- What this task involves -
Instruction for the entries that follow: retype exactly the lines from the line with "Tente dôme orange" to the line with "Netflix uvažuje o", both included, and omit all others.

- Data records -
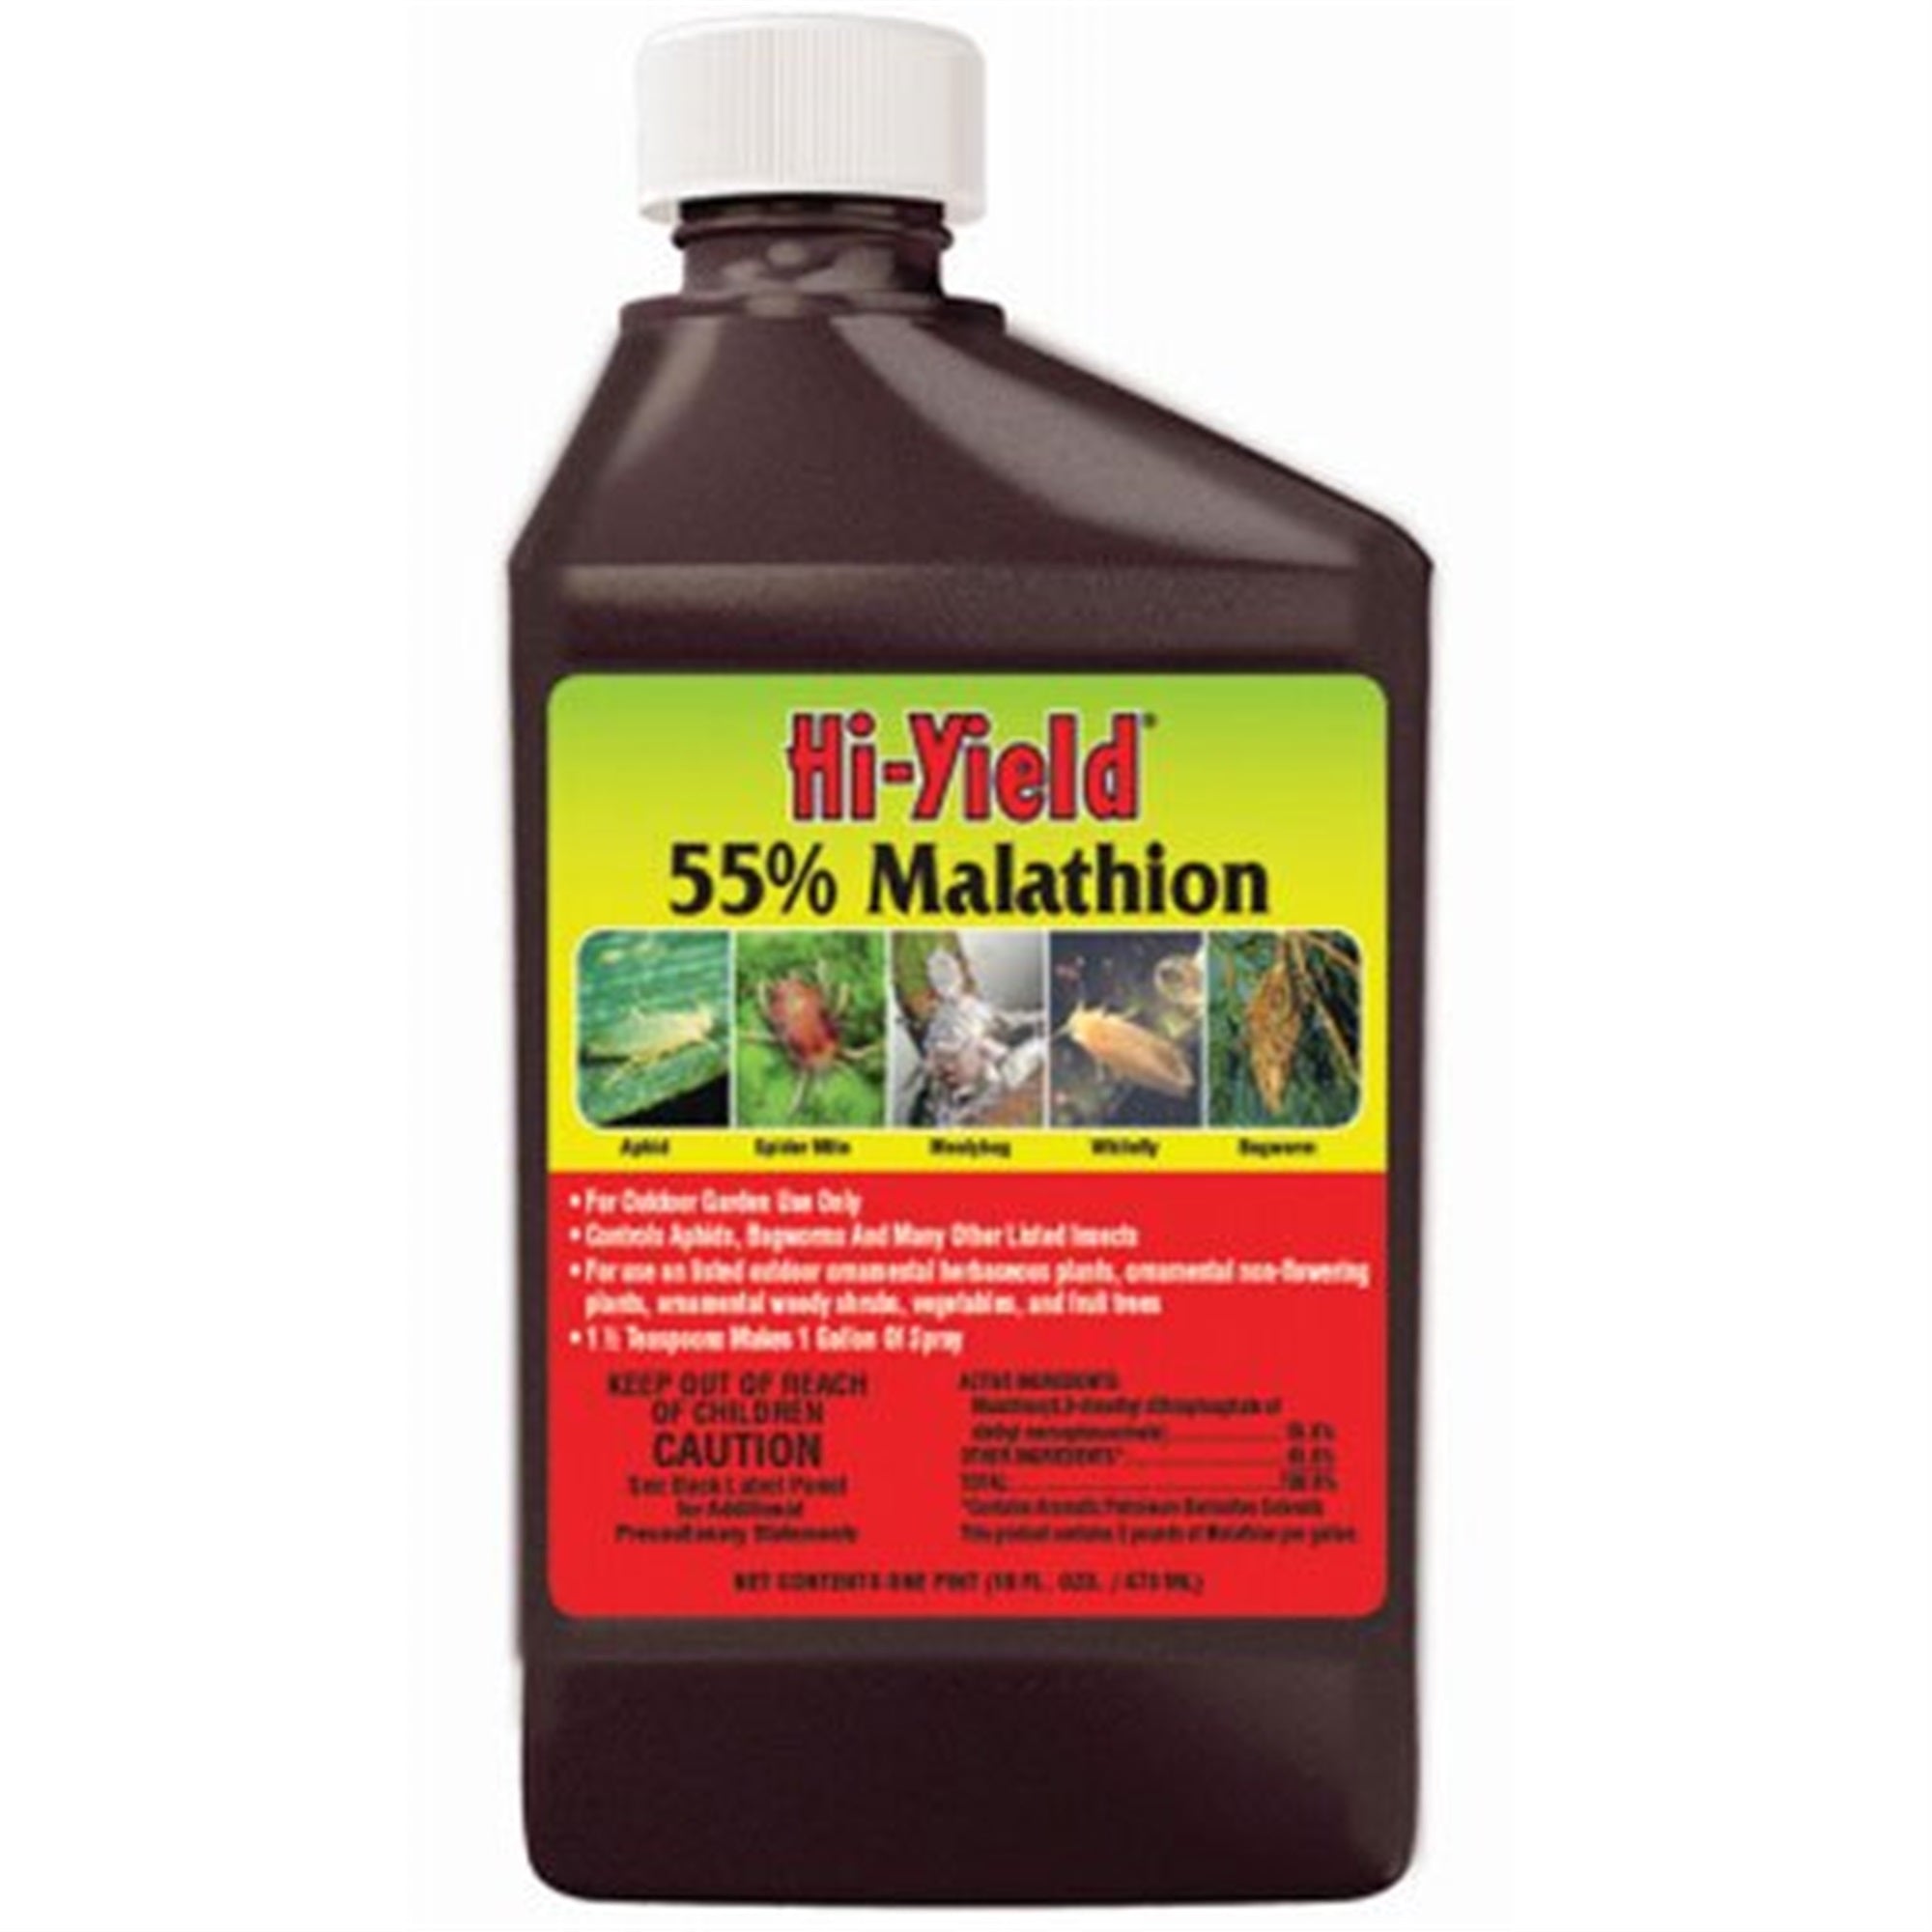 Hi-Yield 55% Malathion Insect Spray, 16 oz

---

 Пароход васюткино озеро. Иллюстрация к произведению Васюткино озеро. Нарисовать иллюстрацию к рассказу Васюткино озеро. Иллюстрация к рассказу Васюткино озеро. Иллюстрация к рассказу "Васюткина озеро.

...

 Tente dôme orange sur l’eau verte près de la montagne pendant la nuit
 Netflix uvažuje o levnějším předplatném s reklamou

- Output of the exercise -
 Tente dôme orange sur l’eau verte près de la montagne pendant la nuit
 Netflix uvažuje o levnějším předplatném s reklamou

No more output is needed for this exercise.